Retype the data that follows exactly. No pictures belong in the copy.

» **Source material**
⟨
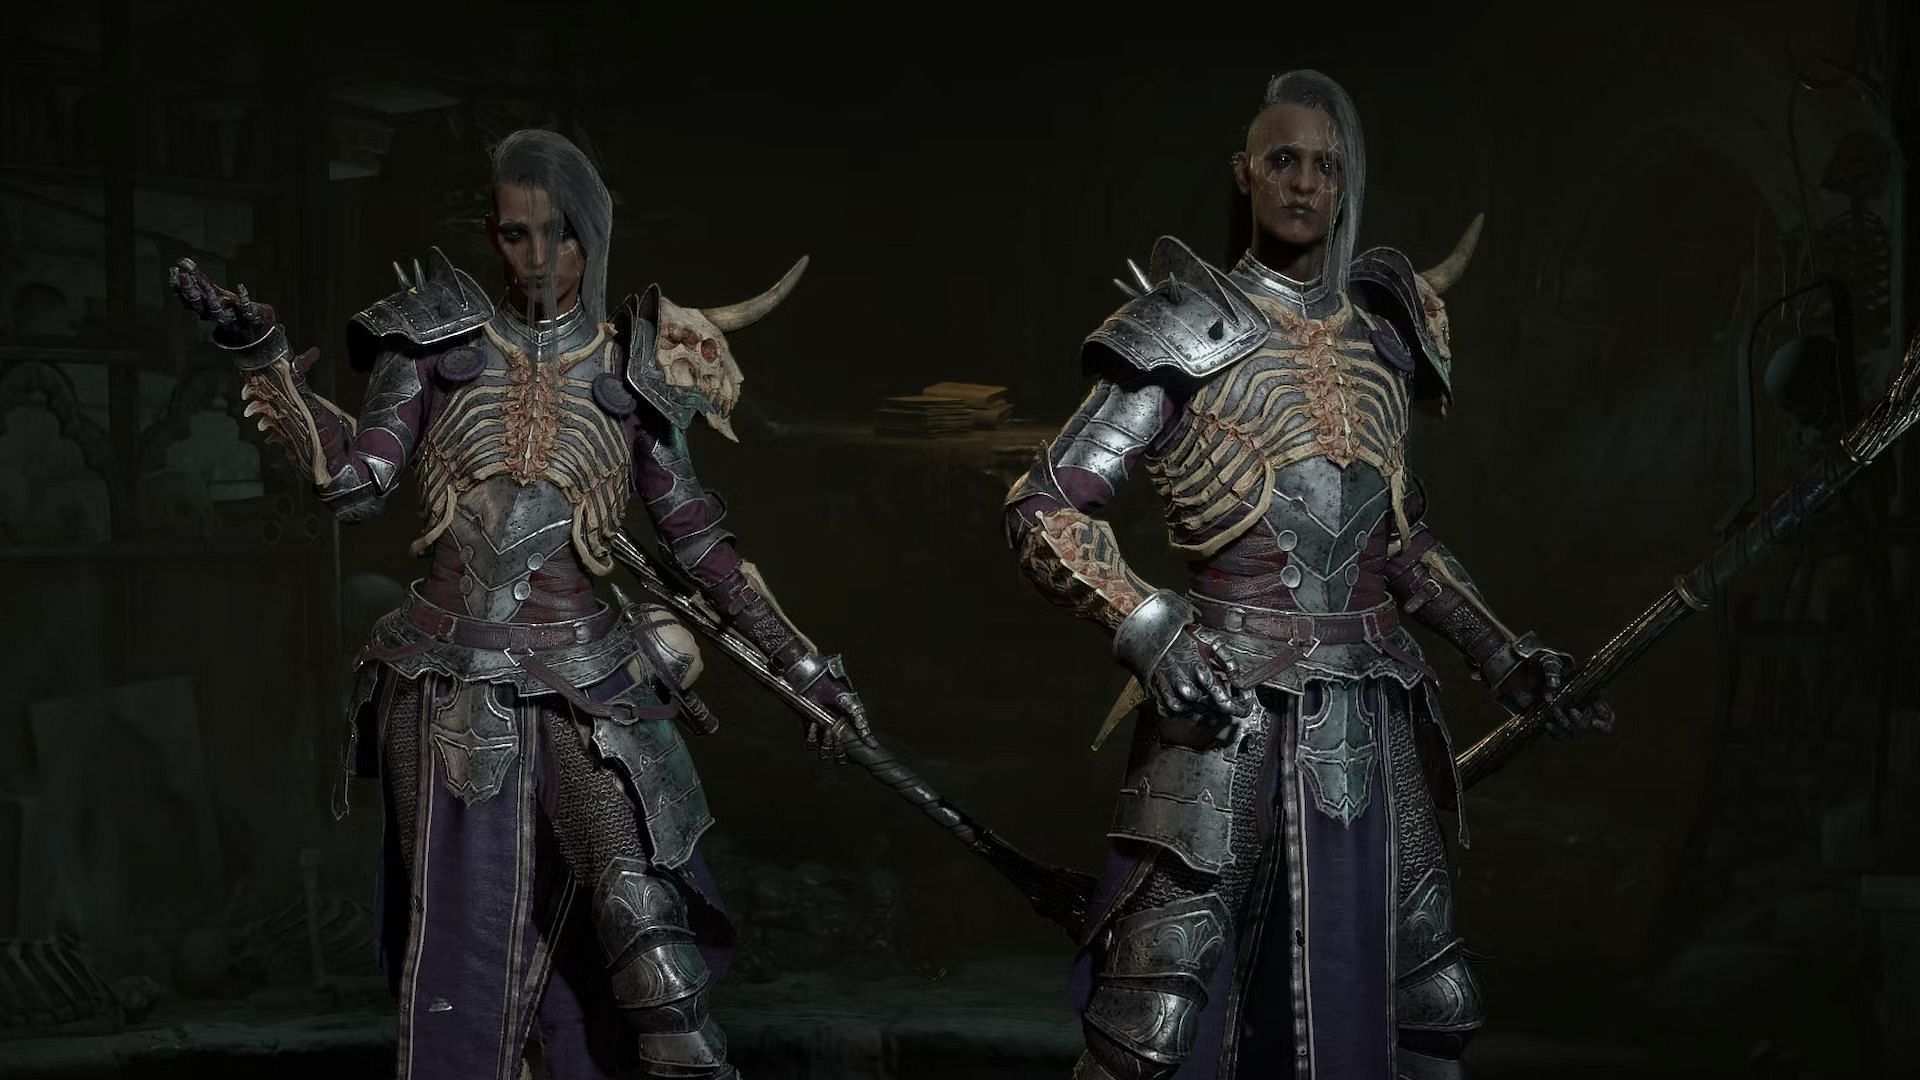 Two Necromancers in the game.
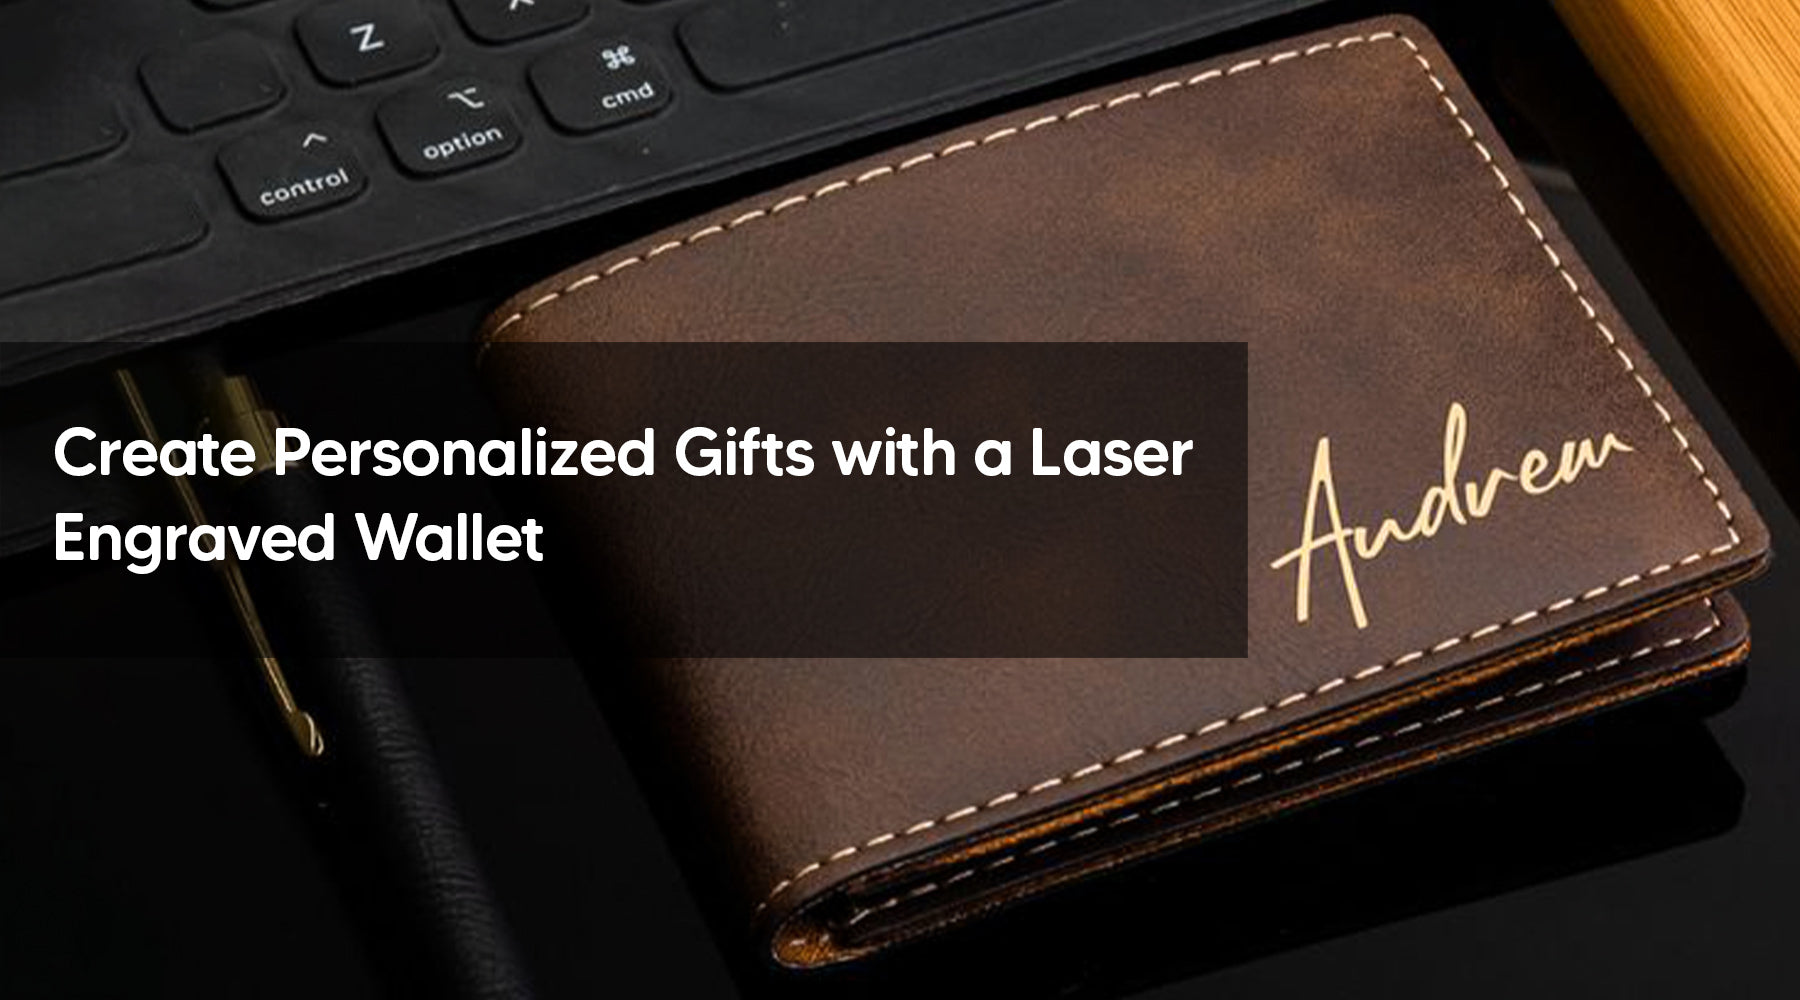 Create Personalized Gifts with a Laser Engraved Wallet
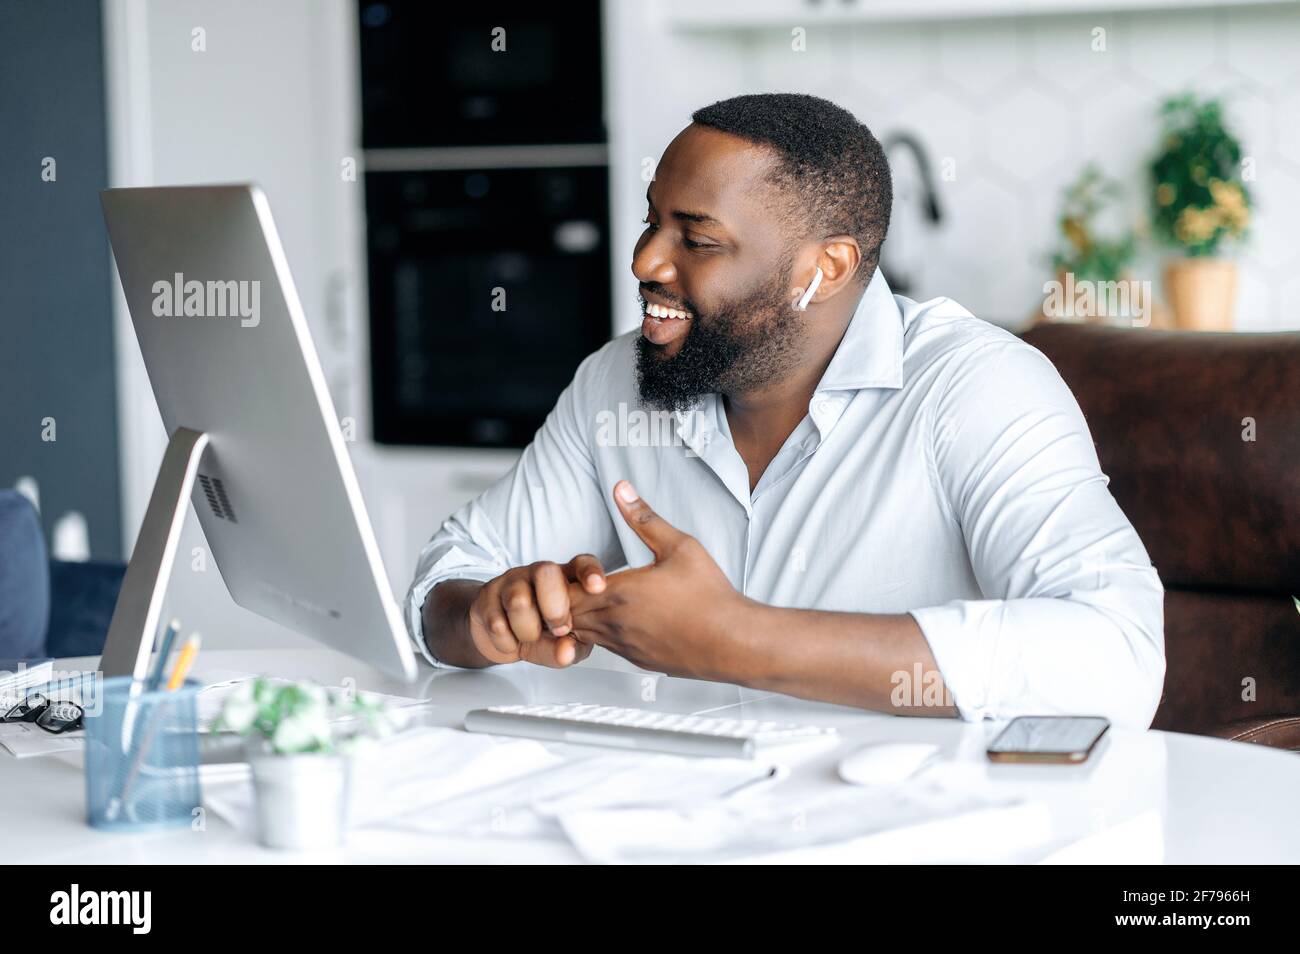 Joyful pleasant successful african american man, lawyer or real estate agent working remotely at computer, talking to colleague or customer via video call uses wireless headset, smiling friendly Stock Photo
⟩
» **Output for this exercise**
 Two Necromancers in the game.
 Create Personalized Gifts with a Laser Engraved Wallet
 Joyful pleasant successful african american man, lawyer or real estate agent working remotely at computer, talking to colleague or customer via video call uses wireless headset, smiling friendly Stock Photo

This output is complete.